# Totally disappointed and feeling guilty :(



## Johnsa37

I just needed to vent on here to some ladies who understand...

I found out that we are expecting baby boy #2 on Friday last week, and I have been REALLY struggling with the news. I cried all evening Friday and periodically on Saturday and Sunday every time I thought about it. I still tear up when I think about it. I just so wanted a girl so that we could have one of each. I have struggled a lot in the past year because I have had trouble relating to my son as he is getting older -- he is just so into sports, trucks, rough and tumble stuff... and because of this, he naturally gravitates to my husband because they share common interests. He is such a "daddy's boy." It makes me sad that I haven't gotten to experience the "mama's boy" that everyone talks about. I also don't think that we will have another child, so I am mourning the little girl that I will never have. :cry:

I've also noticed that people seem so sympathetic when I tell them we are having another boy - it is depressing. They always qualify their congratulatory wishes with "oh, well at least DS1 will have a buddy" or "well I guess you will have to try for a girl!" It makes me feel like I got the short end of the stick, which isn't right. I don't understand why having more than 1 boy makes people sympathetic - like I am just a pitiful "boy mom." Everyone assumes that having 1 child of each sex makes a "complete family" -- which implies that having 2 boys is an "incomplete family." It makes me feel so much worse -- like I am supposed to be feeling bad about it. 

I just needed to vent. I know that I will get over it at some point, but it just dampens the excitement. I'm not nearly as excited because we already have everything we need for a boy. Thanks for listening to my whining!


----------



## Feronia

I think what a lot of parents of multiple kids realize eventually is this: every kid is an individual, and you have no idea what a kid will be like based on their genitalia. This little one might be more bonded to you and share your interests, and conversely if you had a girl she may have been very rough and tumble and also into sports and trucks. This one way not be into sports at all. He may be into dolls and dresses, and that's okay, too! :)

My son is really into cars and trucks, too, but he's also into dolls, strollers, and spinning around in his tutus. He's a cuddly little guy who is sooo bonded to me. Either way, literally the only thing you know about this baby is that he has a penis! There's so much more to him that you'll find out, and it's okay to grieve and get used to that idea.


----------



## Johnsa37

Feronia said:


> I think what a lot of parents of multiple kids realize eventually is this: every kid is an individual, and you have no idea what a kid will be like based on their genitalia. This little one might be more bonded to you and share your interests, and conversely if you had a girl she may have been very rough and tumble and also into sports and trucks. This one way not be into sports at all. He may be into dolls and dresses, and that's okay, too! :)
> 
> My son is really into cars and trucks, too, but he's also into dolls, strollers, and spinning around in his tutus. He's a cuddly little guy who is sooo bonded to me. Either way, literally the only thing you know about this baby is that he has a penis! There's so much more to him that you'll find out, and it's okay to grieve and get used to that idea.

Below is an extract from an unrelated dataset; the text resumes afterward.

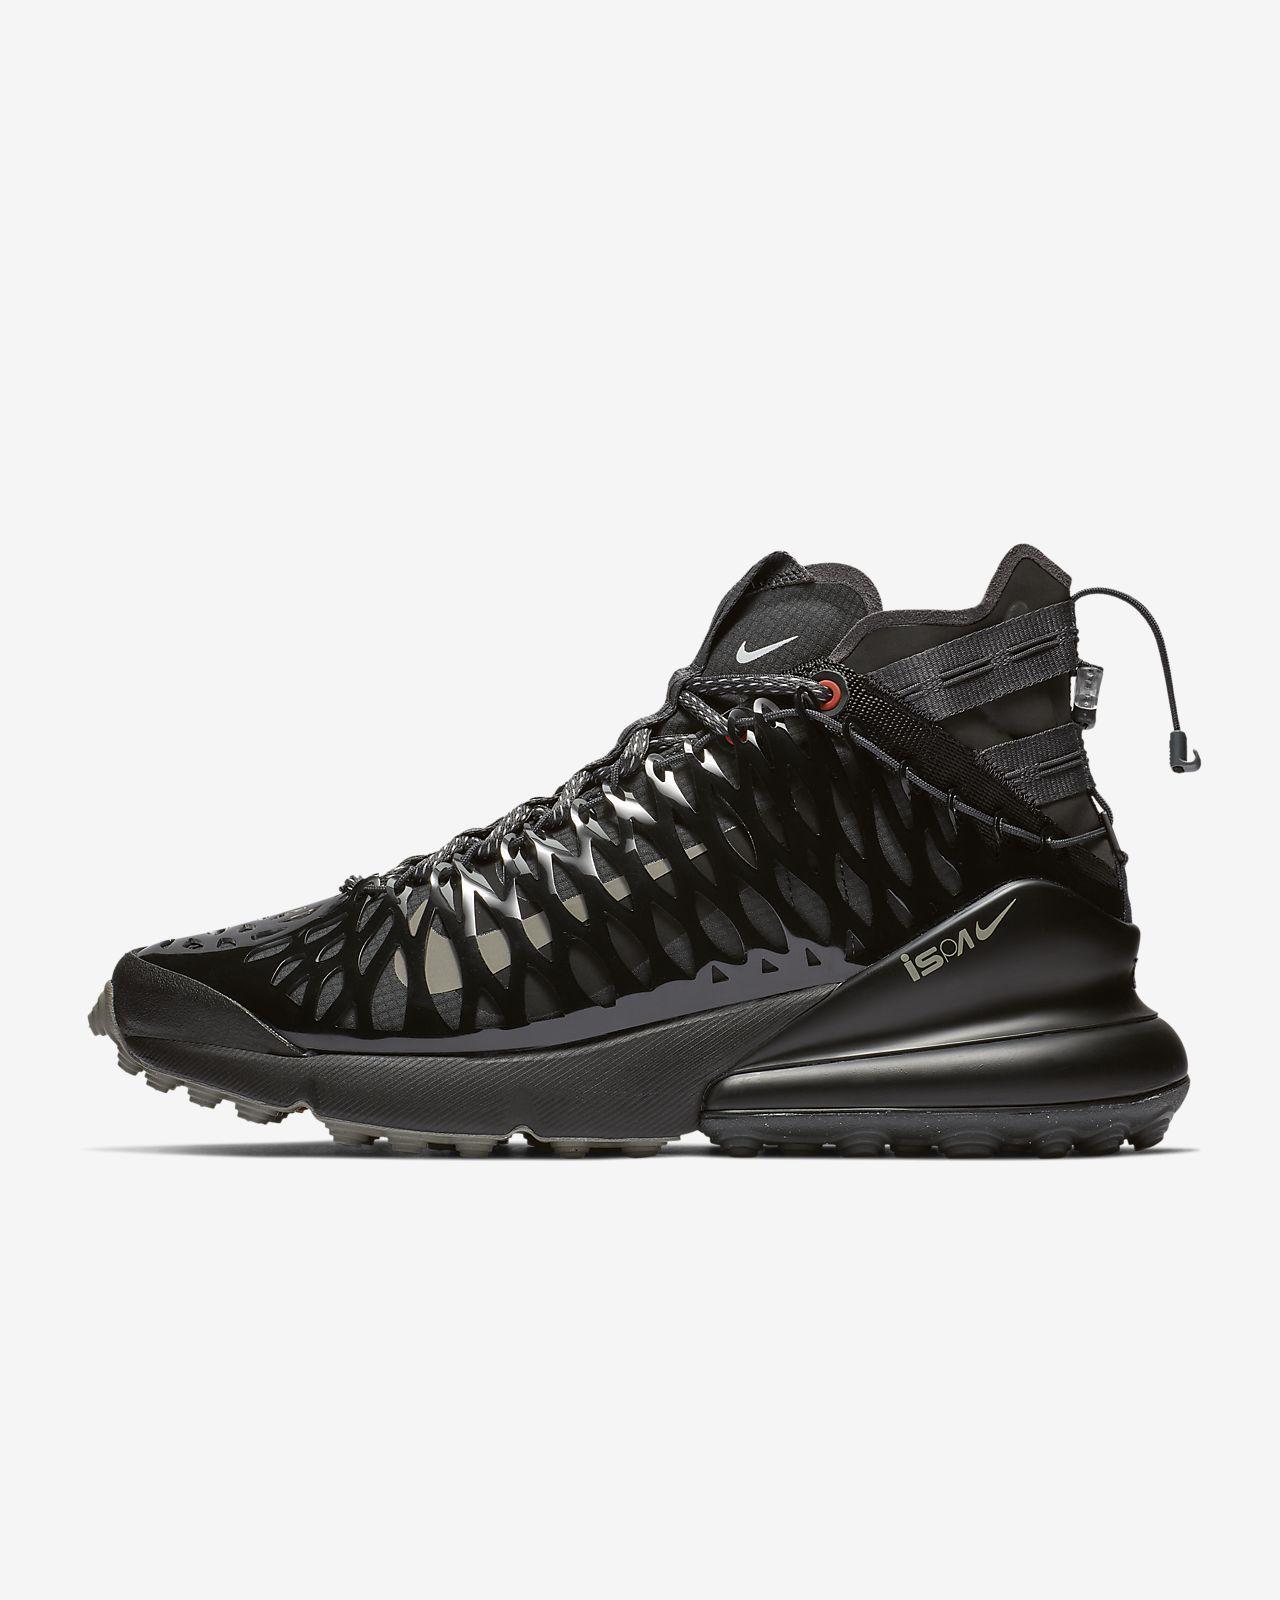 Nike Air Max 270 ISPA Men's Shoe | Nike shoes air max

Thank you for your response! You are right and I totally acknowledge that I have boy and girl stereotypes in my head. I have a friend who has a boy who better aligns with the "stereotypical girl" and a girl who better aligns with the "stereotypical boy." I just need to grasp the fact that every child is an individual - I guess I was just craving something new and different and more relatable, but my two boys will be very different from each other I'm sure!


----------



## jtink28

i have two boys, and they are just the most opposite boys ever! one is a total mama's boy, one is a total daddy's boy. but i can promise you this, you will NEVER regret having two boys and watching that brotherly bond. it's honestly amazing to watch two boys become brothers in every sense. you'll still think about what life would have been like with a girl from time to time (i do too) but life with two boys is so so great :)


----------



## WackyMumof2

First of all, I'm sorry you're dealing with these feelings. I felt the same way when I had my second son in 2010 but I made the mistake of trusting my so called 'medium' MIL rather than trusting my gut. And it hurt. It really did and I struggled to bond for such a long time. The day he was born was different. I was just over-taken by love for this vulnerable little newborn. As for the general statement of 'a girl completing a family', even if he was a girl that wouldn't have been true. I never wanted any less than 3 so it would have always felt that one was missing.

When I unexpectedly fell pregnant with DS3 (we'd decided at DS2 no more children as he's at the severe end of the ADHD spectrum) I WANTED a boy so I didn't have to feel the disappointment I felt in my second pregnancy. I was happy the day they told me 'boy'. It meant I didn't have to deal with not getting that little girl. And I was content until we decided we wanted a sibling close in age for DS3 to grow up with even though I swore and declared I wanted my tubes tied.

Try not to upset yourself. Only you and your husband can decide if your family is complete as a family of 4 or not. If you decide you want to have another child, by all means, go for it. But try not to get upset if that little lady you want doesn't happen. <3 Your children, regardless of sex will always come back to you because YOU offer a different form of security, warmth, food, etc that Dad's don't. <3


----------



## donnarobinson

Big hugs I have 3 boys and badly wanted a girl when having ds3 I cried my eyes out when I found out he was a boy it soon passed tho I love having all boys now 
There amazing and although I think I'll always be sad I don't have a girl I feel happy and complete and don't want any more children x


----------



## Johnsa37

jtink28 said:


> i have two boys, and they are just the most opposite boys ever! one is a total mama's boy, one is a total daddy's boy. but i can promise you this, you will NEVER regret having two boys and watching that brotherly bond. it's honestly amazing to watch two boys become brothers in every sense. you'll still think about what life would have been like with a girl from time to time (i do too) but life with two boys is so so great :)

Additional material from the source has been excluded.